Tour de France: Tadej Pogacar takes yellow jersey as Vauquelin wins second stage

Defending champion Jonas Vingegaard answers question over his fitness with strong showing

Slovenia's Tadej Pogacar of UAE Team Emirates celebrates on the podium in the yellow jersey after stage two of the 2024 Tour de France. Photograph: David Pintens/Belga Mag/AFP via Getty Images
Slovenia's Tadej Pogacar of UAE Team Emirates celebrates on the podium in the yellow jersey after stage two of the 2024 Tour de France. Photograph: David Pintens/Belga Mag/AFP via Getty Images

Tadej Pogacar threw down the gauntlet to defending Tour de France champion Jonas Vingegaard, attacking in the hills ringing Bologna to take the yellow jersey on stage two of the 2024 race.

“It was more important to test myself [than Vingegaard],” Pogacar said after taking the maillot jaune. “It’s good to be in yellow. You don’t say no to yellow.”

Only Vingegaard could follow the Giro d’Italia winner Pogacar’s violent acceleration, 11km from the finish, on the second of two ascents of the galleried climb to San Luca’s basilica, overlooking the Italian city.

As Pogacar continued where he had left off during the Giro, any lingering doubts over Vingegaard’s race fitness were dispelled when the Visma-Lease a Bike rider responded, with aplomb, to chase the Slovenian to the finish.

READ SOME MORE

The pair were caught in the final few metres of the stage by ­fellow podium contenders Remco ­Evenepoel, of Soudal Quick-Step, and Richard Carapaz, of EF Education-­EasyPost. All four are on the same overall time, but Pogacar claimed yellow by virtue of his higher stage placings.

In front of the pair, Kévin ­Vauquelin, riding for the Arkéa-B&B Hotels team, took the second French success of the weekend, winning the stage after moving ahead of the day’s breakaway in the closing kilometres.

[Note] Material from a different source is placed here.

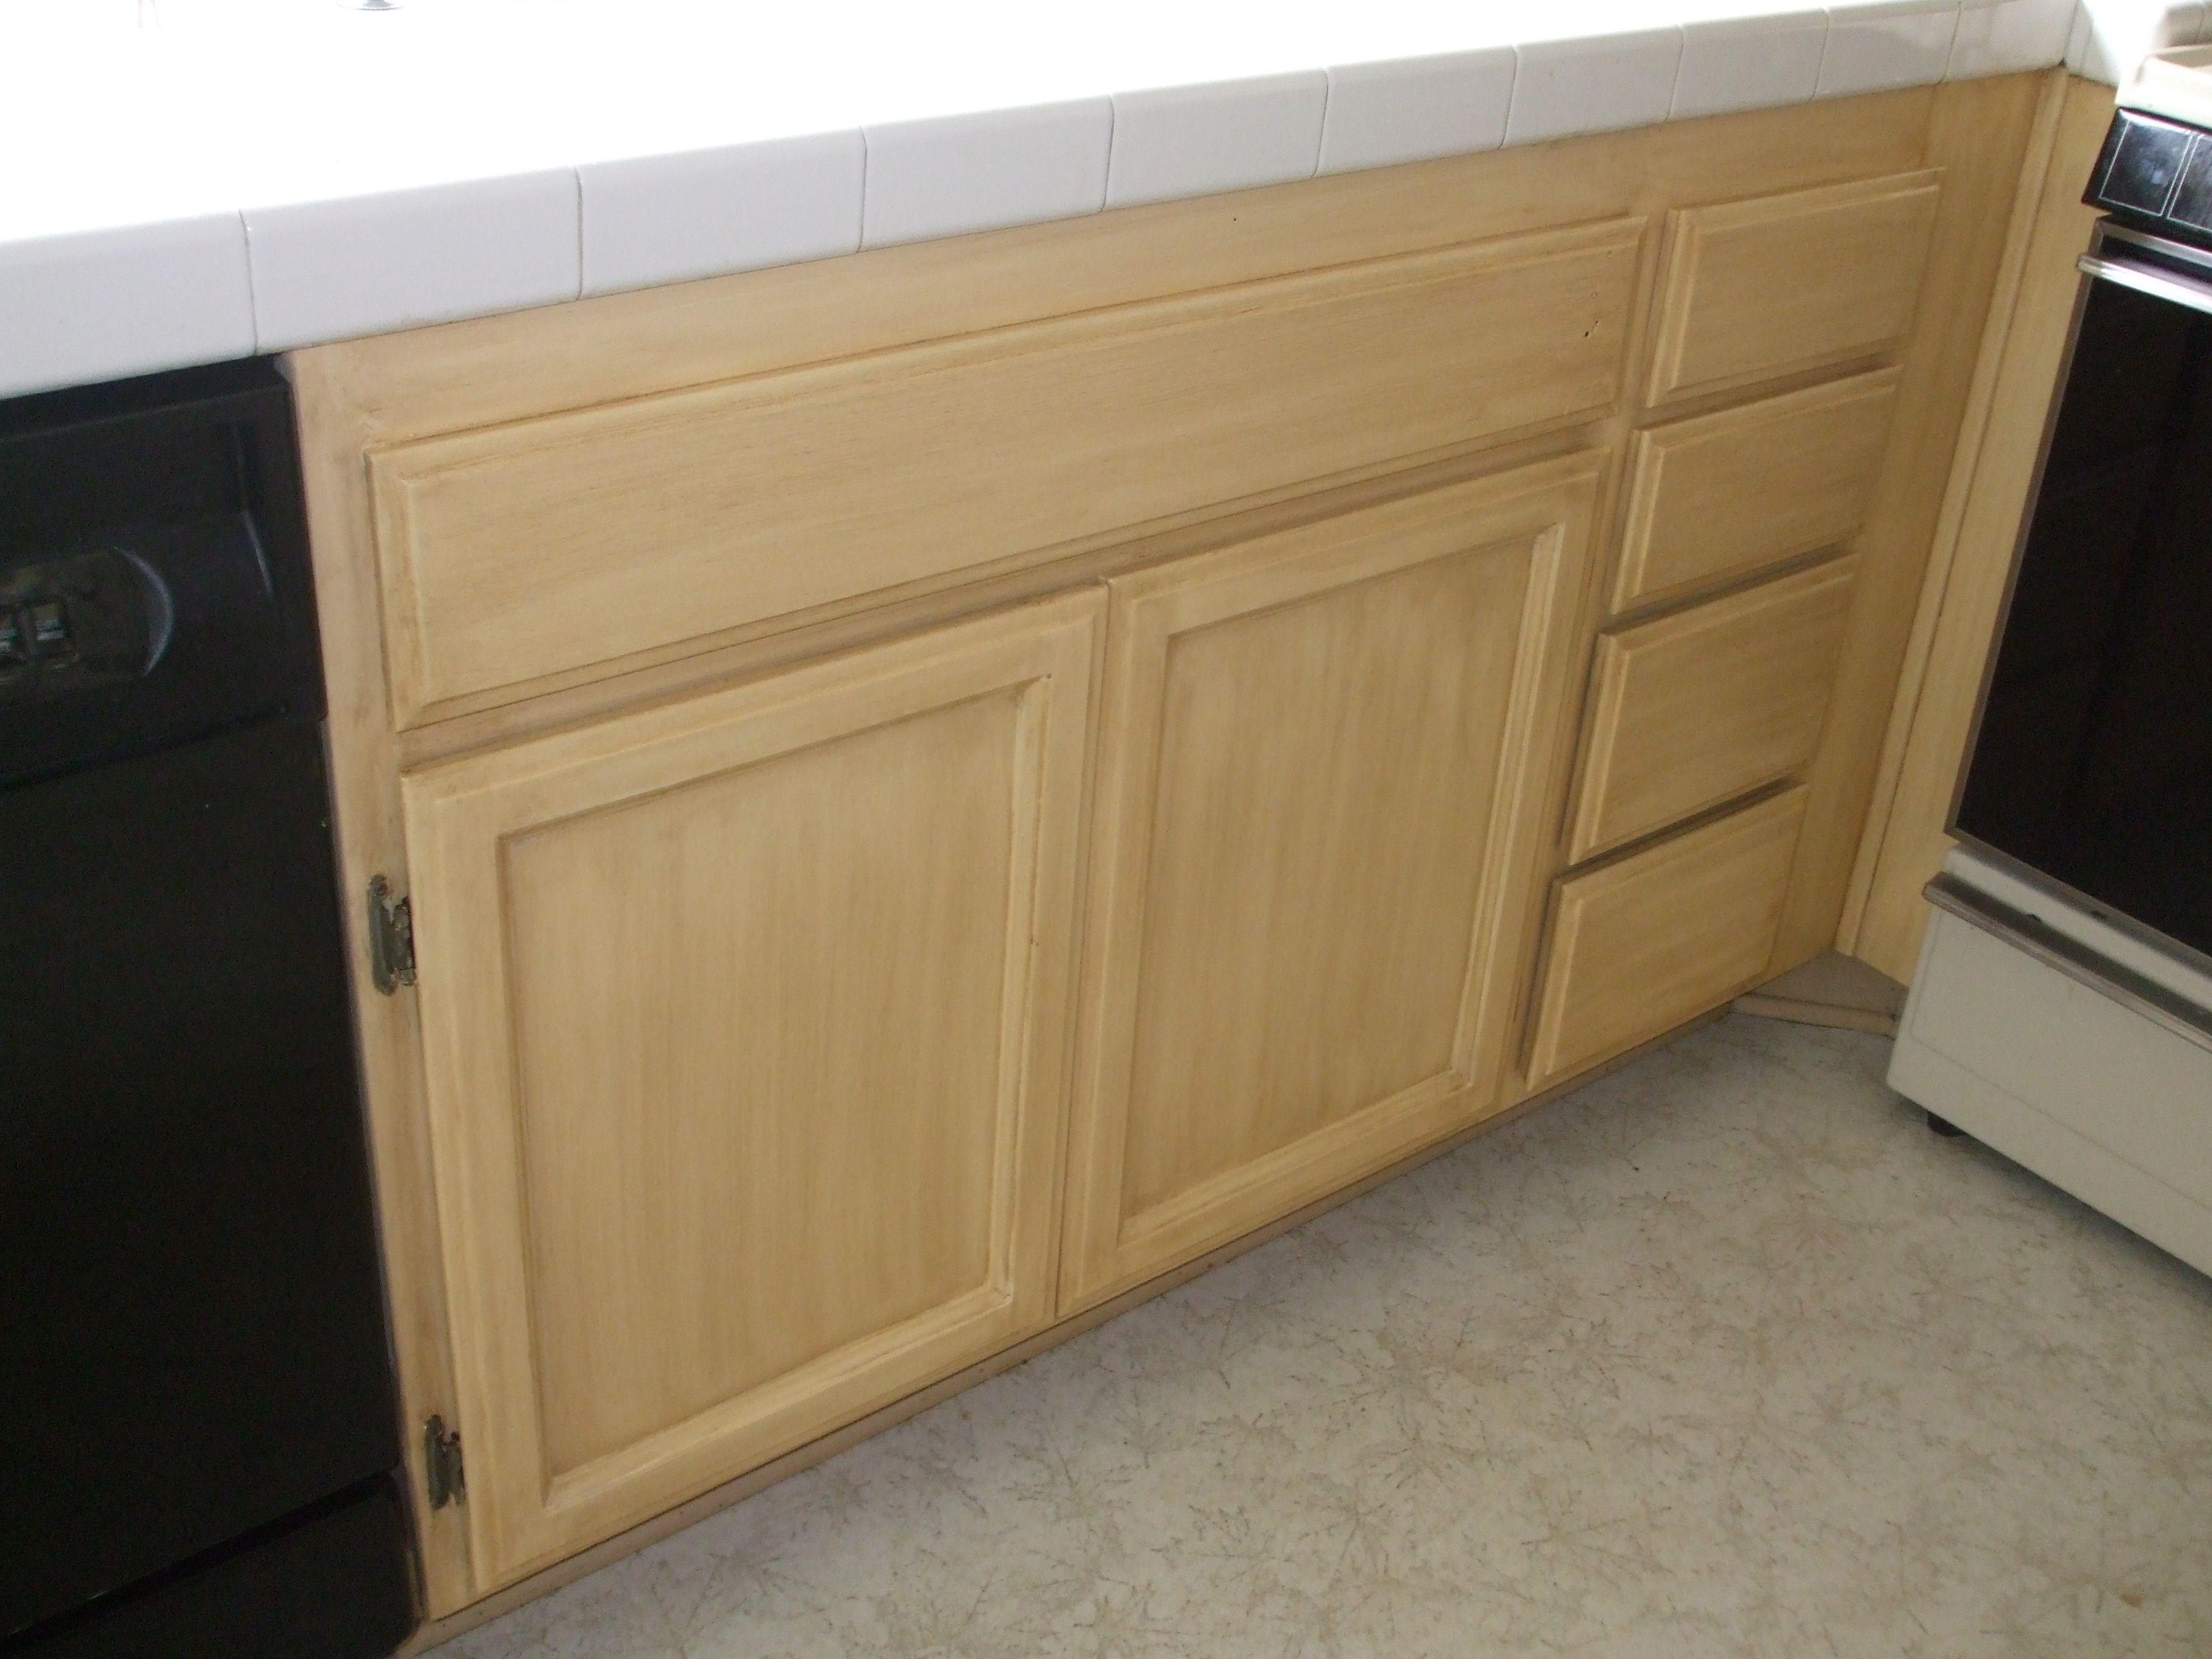 amusing cream kitchen cabinets | English Cream:Testimonial Gallery: Rust-Oleum Cabinet ...

“It was hard for me, but I’m really happy. I had a perfect day out in the breakaway,” Vauquelin said, adding he had not contemplated winning the stage until the last moment. “I wanted to take part in the Tour, that was the original dream. To now win a stage in it – that’s amazing and for the team as well. It just makes me incredibly happy.”

If the French were swooning after a weekend of back-to-back wins, with the veteran Romain Bardet claiming the stage and overall race lead on ­Saturday, there was disappointment too, as the dsm-firmenich PostNL rider let the yellow jersey slip through his fingers to the flying Pogacar.

Asked if he could have tried to win the stage, Pogacar said: “In this heat, it would be unnecessary to kill my team-mates. Sure, we could go for the stage, but it could backfire at some point. We just let there be a natural selection.”

Among others distanced by Pogacar and Vingegaard was Geraint Thomas of Ineos Grenadiers. Any thoughts that the Welshman might be the British team’s Trojan horse, went out the window on the second climb to the basilica, as he dropped back.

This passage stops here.